The **independent observation assumption** states that each observation in the dataset is independent. As each marketing promotion (i.e., row) is independent from one another, the independence assumption is not violated.

### Model assumption: Normality

The normality assumption states that the errors are normally distributed.

We'll create two plots to check this assumption:

* **Plot 1**: Histogram of the residuals
* **Plot 2**: Q-Q plot of the residuals

In [None]:
# Calculate the residuals.

residuals = model.resid


# Create a histogram with the residuals.
figure = sns.histplot(residuals)


# Set the x label of the residual plot.
figure.set_xlabel("residuals")

# Set the title of the residual plot.
figure.set_title("Histogram of residuals")

# Create a Q-Q plot of the residuals.
figure2 = sm.qqplot(residuals, line='s')


### Model assumption: Homoscedasticity

The **homoscedasticity (constant variance) assumption** is that the residuals have a constant variance for all values of `X`.

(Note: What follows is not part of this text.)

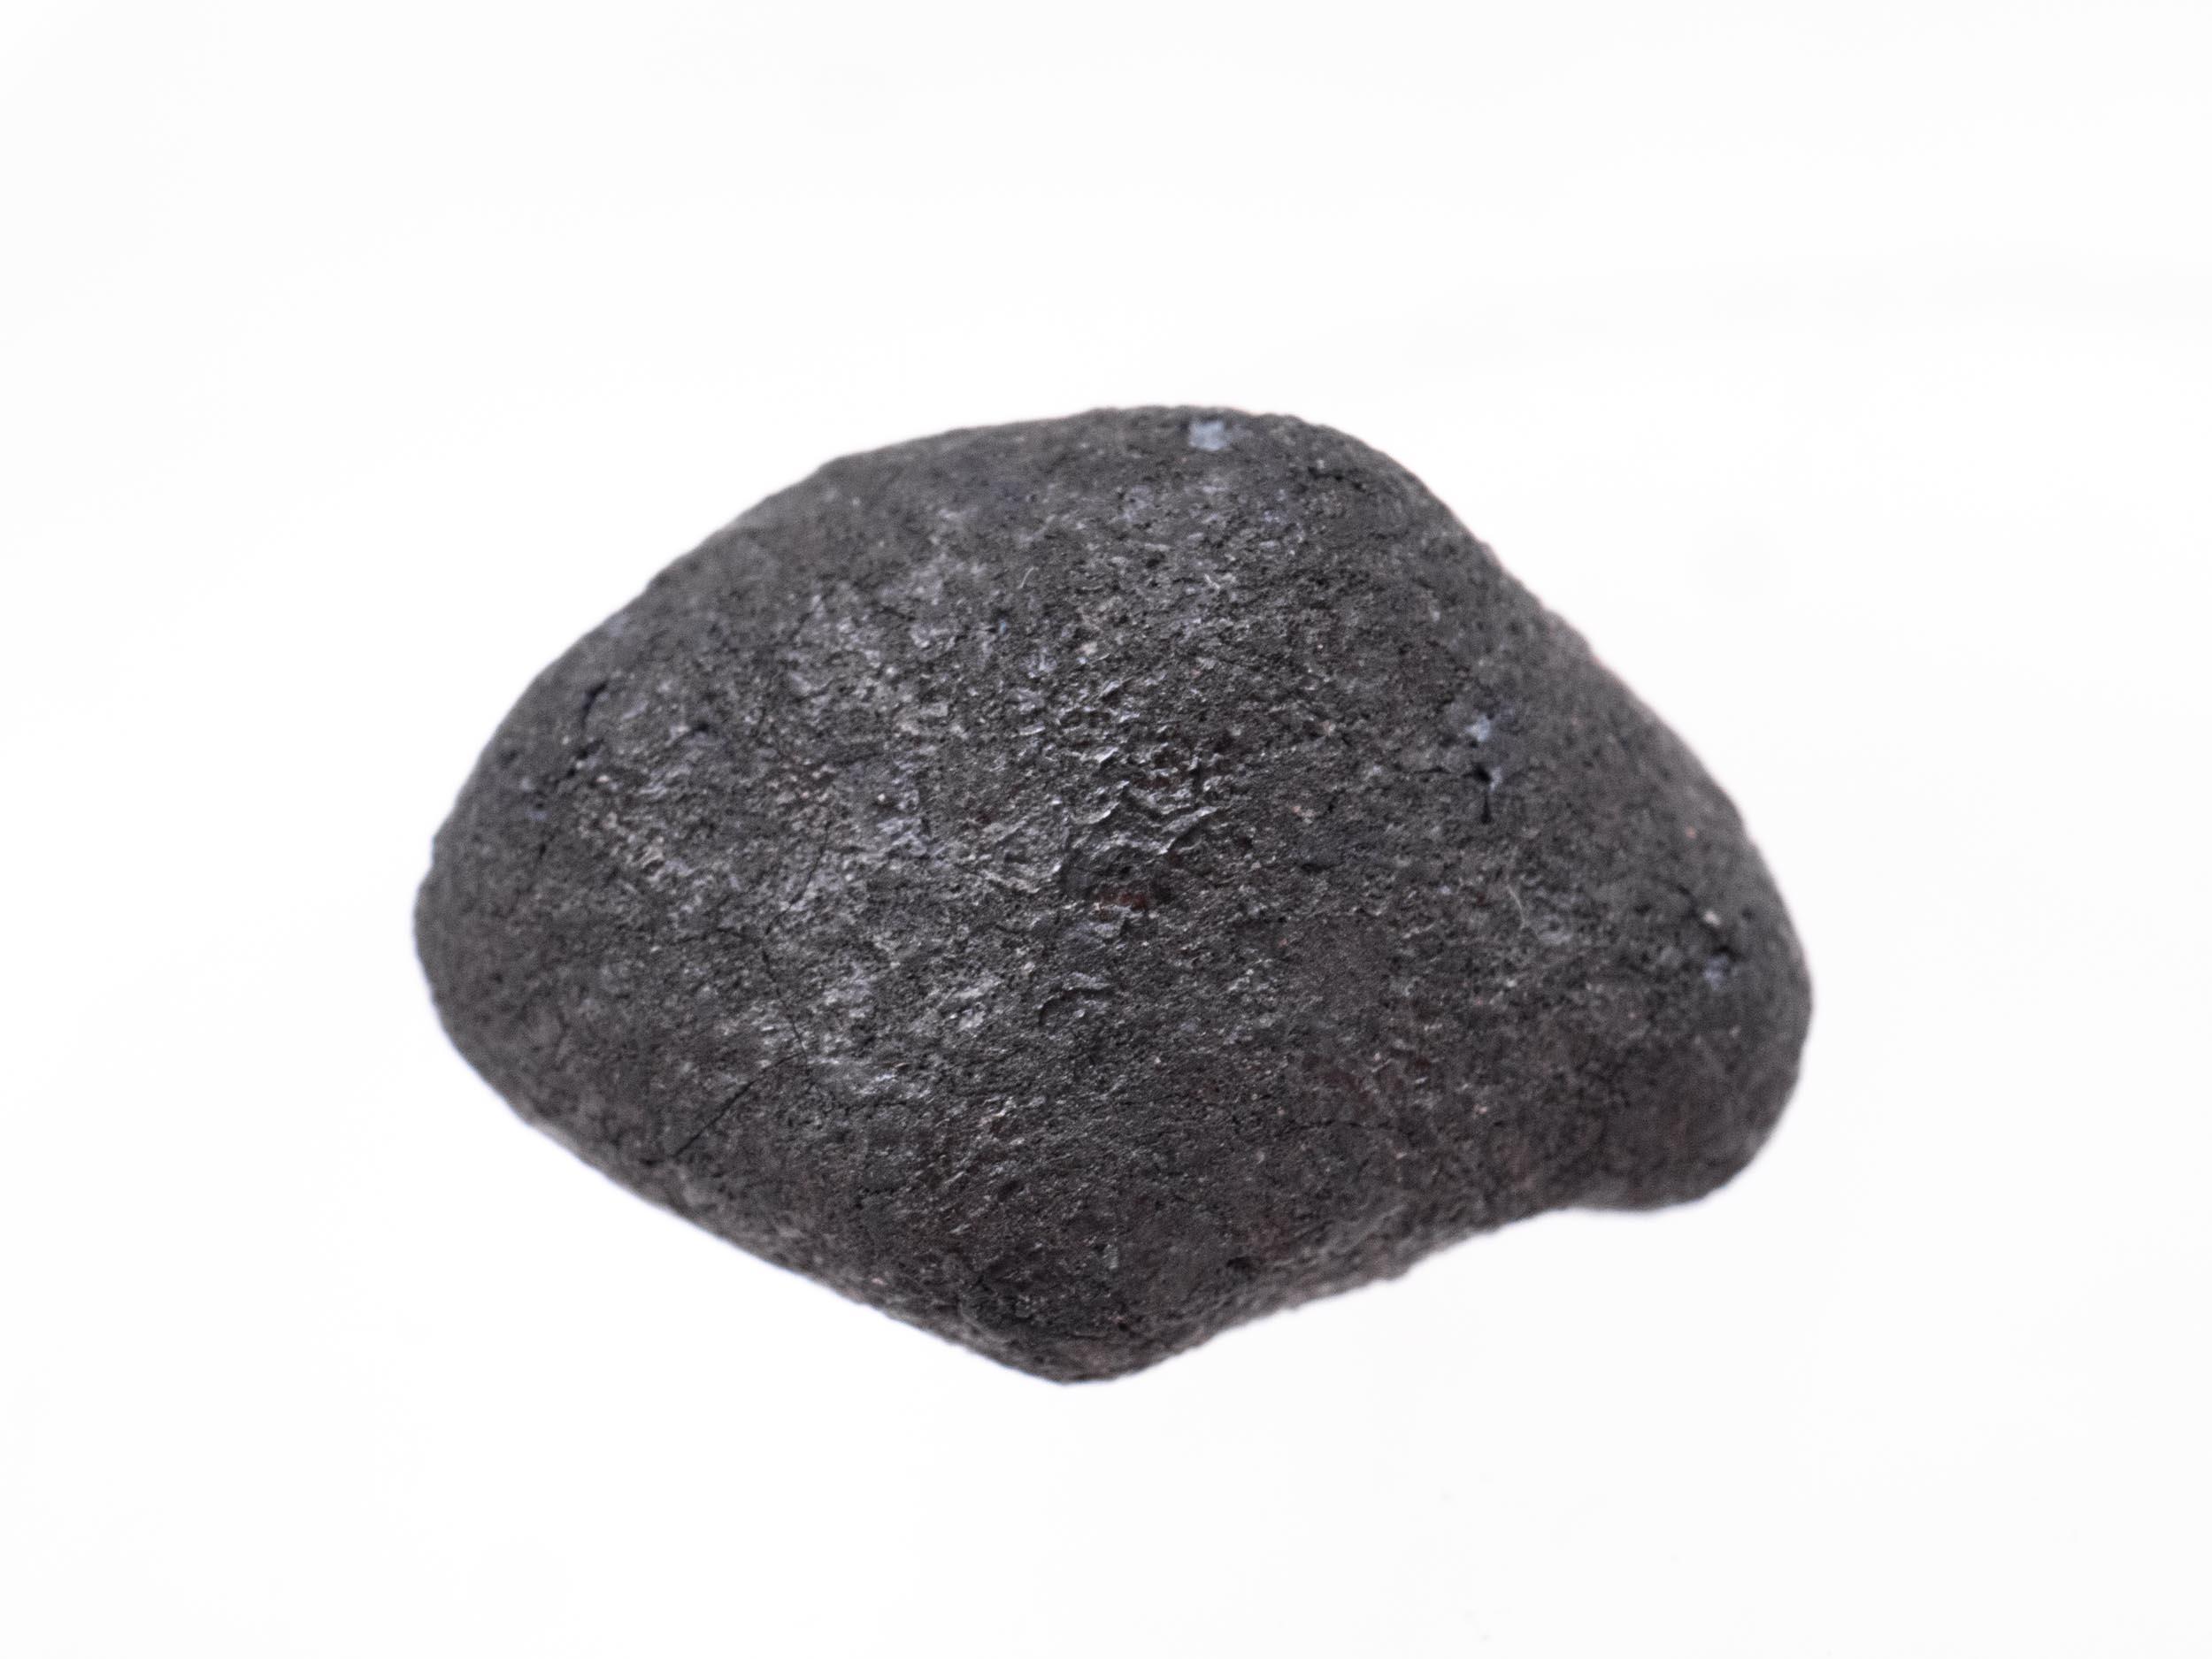 chelyabinsk 1 5 g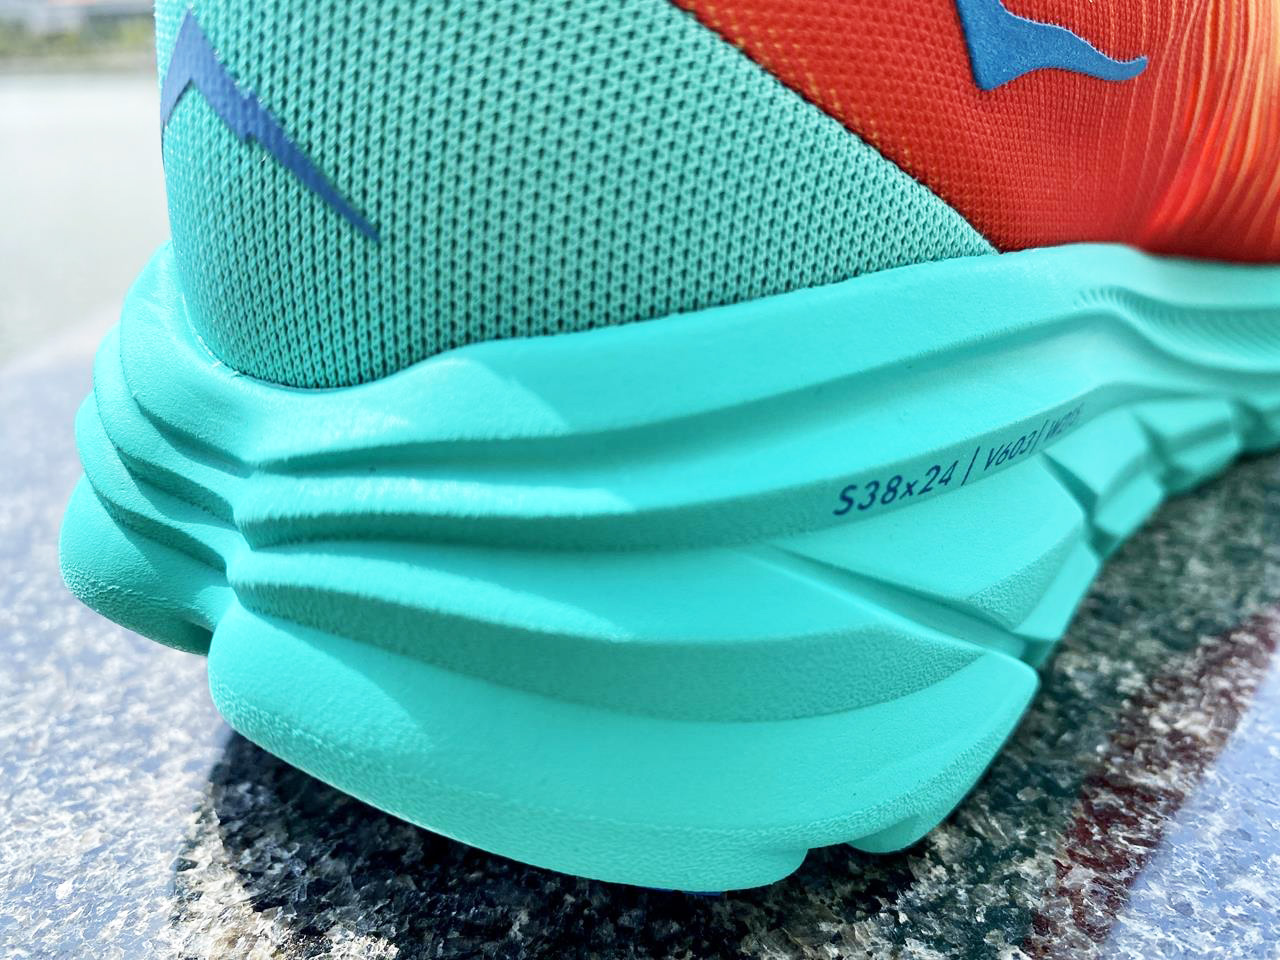 Hoka One One Rincon 3 - Heel Closeup

We'll check this by creating a scatterplot with the fitted values and residuals. 
Add a line at $y = 0$ to visualize the variance of residuals above and below $y = 0$.

In [None]:
# Create a scatterplot with the fitted values from the model and the residuals.

X = data['TV']
fitted_value = model.predict()
figure = sns.scatterplot(x= fitted_value, y= residuals)

# Set the x-axis label.
figure.set_xlabel("fitted vALUES")
# Set the y-axis label.
figure.set_ylabel("RESIDUALS")
# Set the title.
figure.set_title("scatterplot with the fitted values from the model and the residuals")
# Add a line at y = 0 to visualize the variance of residuals above and below 0.
figure.axhline(0)

# Show the plot.
plt.show()

**QUESTION:** Is the homoscedasticity assumption met?.
Yes, as the fitted values are well distributed . and do not have any correlation among each other.

## Step 4: Results and evaluation

### Display the OLS regression results

If the linearity assumptions are met, we can interpret the model results accurately.

In [None]:
# Display the model_results

print(results)

### Measure the uncertainty of the coefficient estimates

Model coefficients are estimated. This means there is an amount of uncertainty in the estimate. A p-value and $95\%$ confidence interval are provided with each coefficient to quantify the uncertainty for that coefficient estimate.